The middle two functions are arrow accessors, which are syntax sugar for the other two forms - you aren’t using arrow accessors in your query so those forms aren’t relevant to you.

There are two things I’m trying to figure out:

  1. Why the durations for previous shifts don’t add up to 12 hours (or very close to it).
  2. Why the utilization calculation is not correct (may be related to #1?)

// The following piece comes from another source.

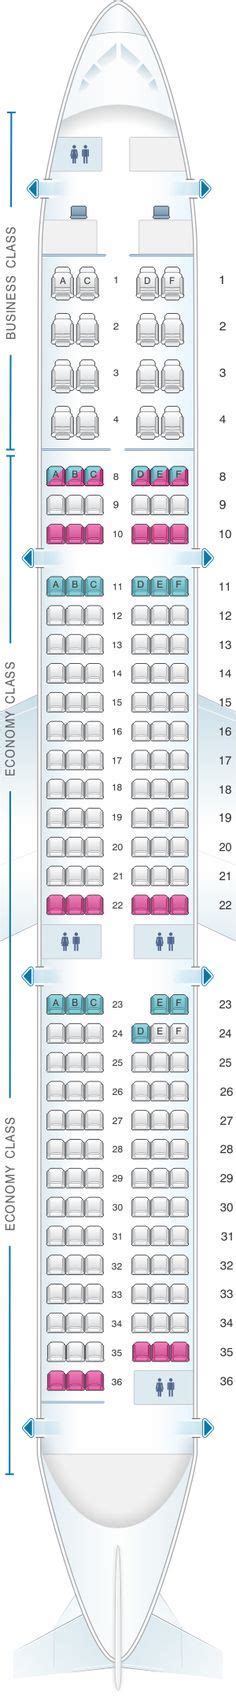 Seat Map Lufthansa Airbus A350 900 Config2 China Eastern Airlines

For the first, here’s the best visual I can come up with:

Shift Shift Hour Raw State Time Bucket State
A 1 Running Running
A 2
A 3 Stopped Stopped
A 4 Running Running
A 5
A 6
A 7
A 8 Stopped Stopped
A 9 Running Running
A 10
A 11
A 12 Stopped Stopped
B 13 Stopped
B 14 Running Running
B 15
B 16 Stopped Stopped
B 17 Running Running
B 18
B 19
B 20
B 21 Stopped Stopped
B 22 Running Running
B 23
B 24

So basically, am I missing state changes that cross the bucket interval? Or when the bucket is created does it intelligently do a LOCF into the new bucket?

Or when the bucket is created does it intelligently do a LOCF into the new bucket?

I’m not sure if it’s designed to act like this by default. I think we’ll need to design a specific feature for it.